- Urdu: فرض
- Directed by: Laeeq Akhtar
- Screenplay by: Masroor Anwar
- Produced by: Shamim Ara
- Starring: Shamim Ara; Kamal; Nisho; Qavi; Saqi; Mumtaz; Ragni; Nanha; Saleem Nasir; Najma Mehboob; Mustafa Qureshi; Munawar Saeed; Sabira Sultana;
- Music by: Nashad
- Production company: Shamim Ara Productions
- Release date: 16 January 1973;
- Country: Pakistan
- Language: Urdu

= Farz (1973 film) =

1973 film

Farz is a 1973 Pakistani Urdu-language film directed by Laeeq Akhtar and produced by Shamim Ara under the banner Shamim Ara Productions.

Alongside Ara, the film stars Syed Kamal, Qavi, Nisho and Mumtaz.

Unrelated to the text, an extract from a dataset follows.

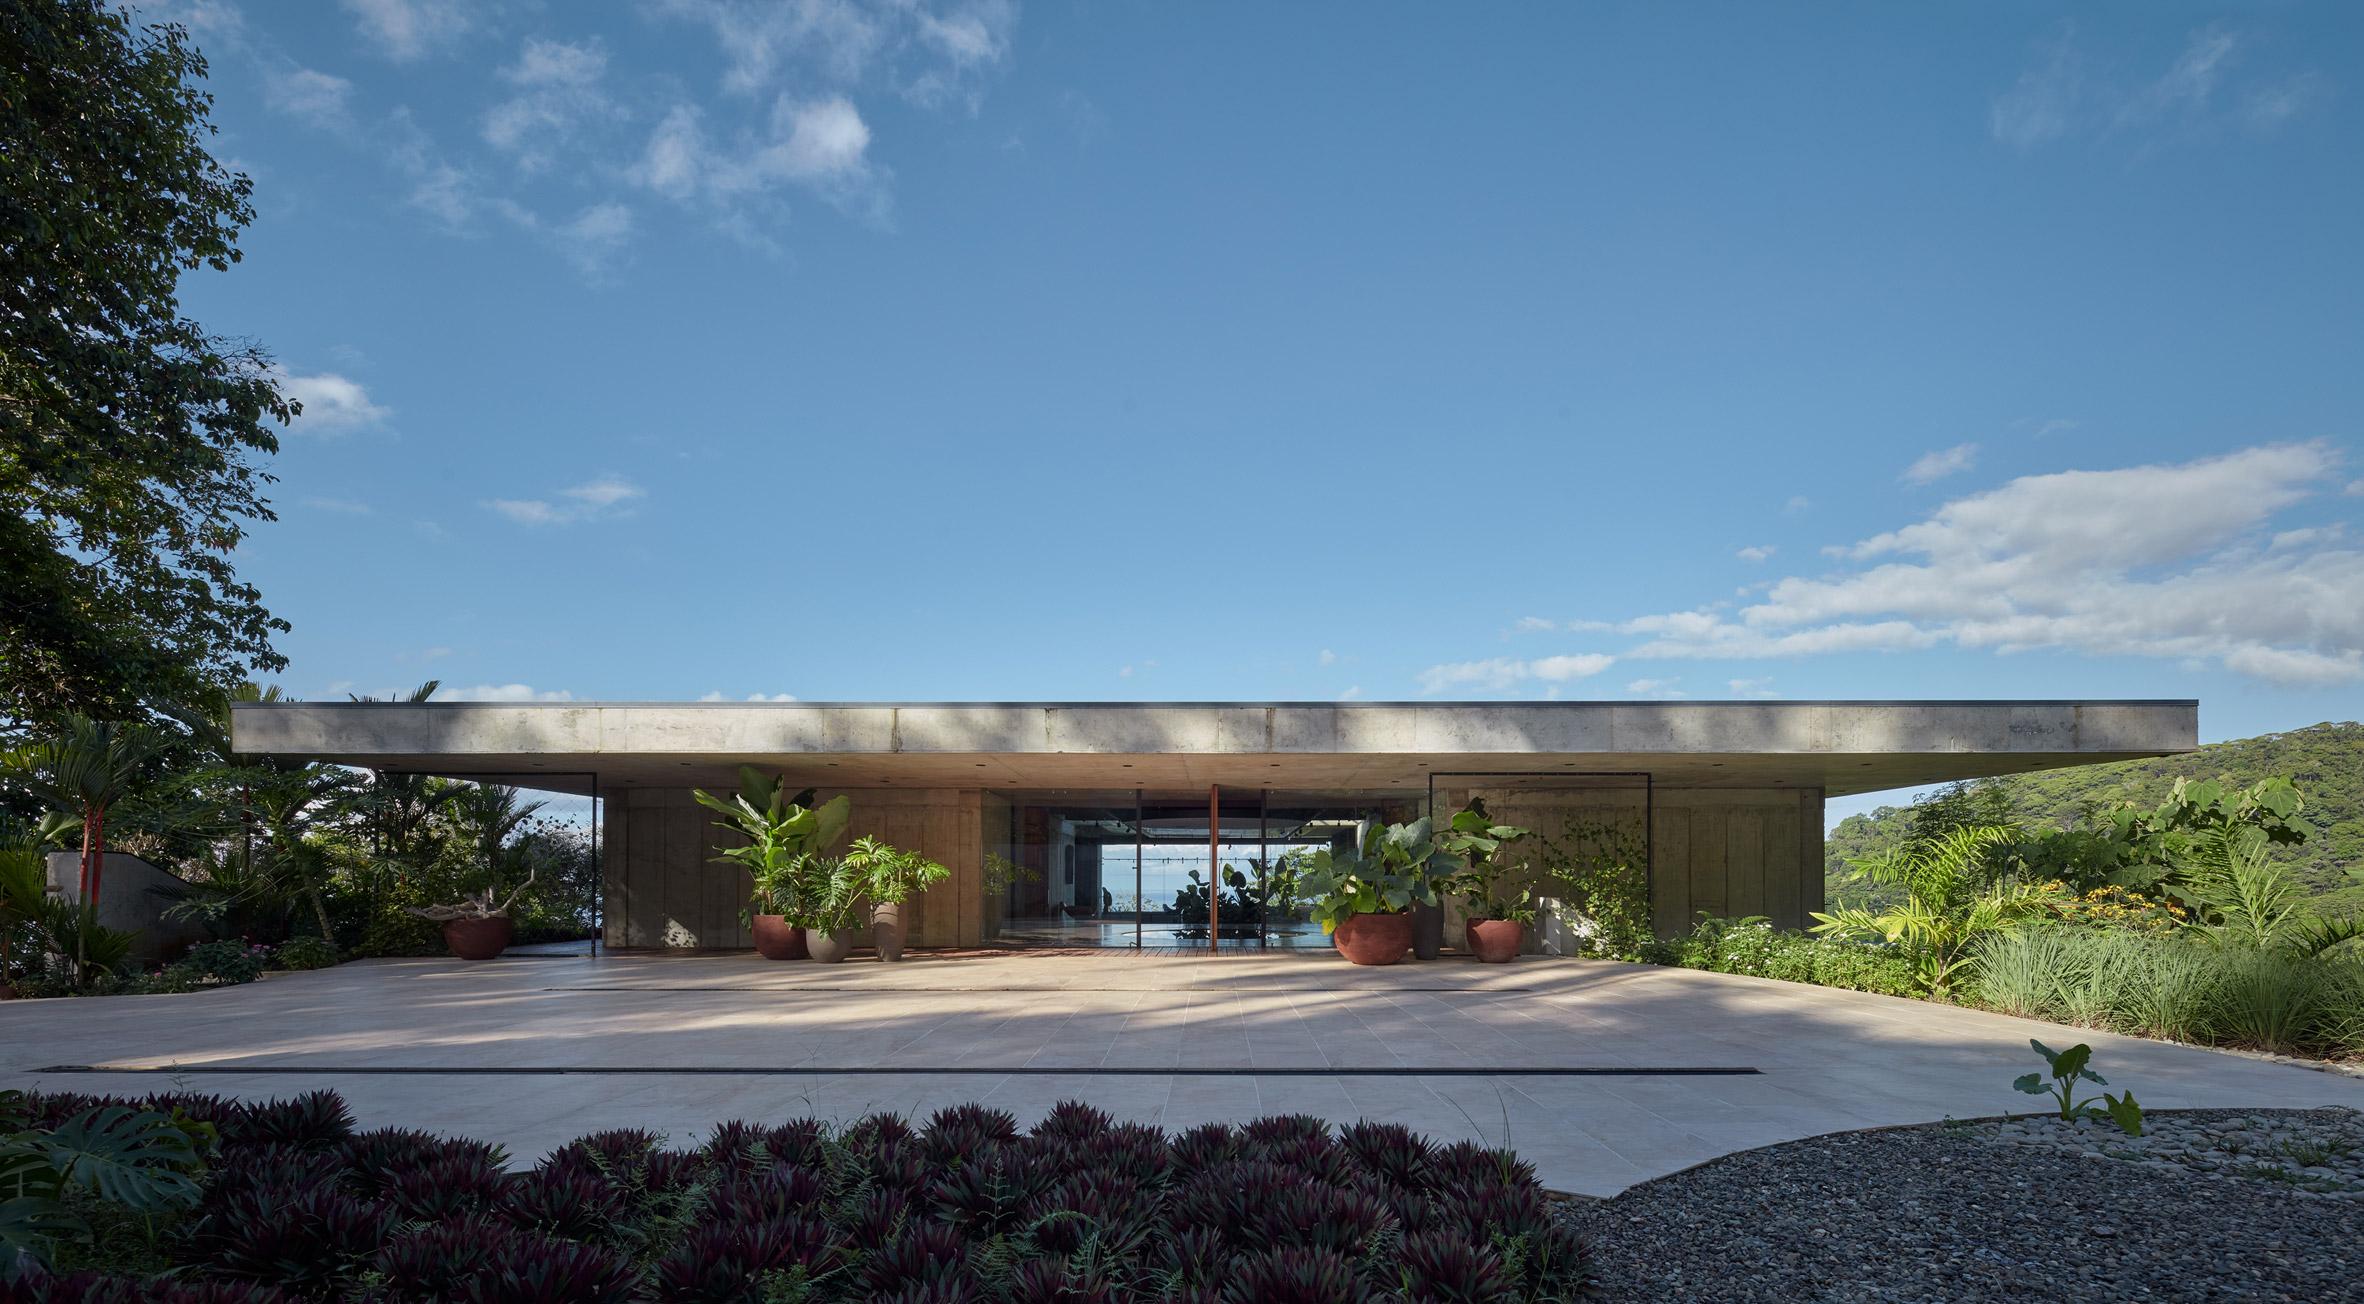 Art Villa by Refuel works

The music was composed by Nashad.

==Plot==
Set against the backdrop of War, the plot revolves around the services of the military and martyrs who sacrifice their lives for the country. It is story of a wife and mother who lost her husband and son for the sake of country.

==Cast==
- Shamim Ara
- Syed Kamal
- Qavi
- Nisho
- Mumtaz
- Imran
- Saqi
- (Guest appearances: Ragni, Nanha, Sabira Sultana, Saleem Nasir, Najma Mehboob, Mustafa Qureshi, Munawar Saeed)

== Release and reception ==
The film was released on 16 January 1973.

The Statesman praised the film for its off-beat themes.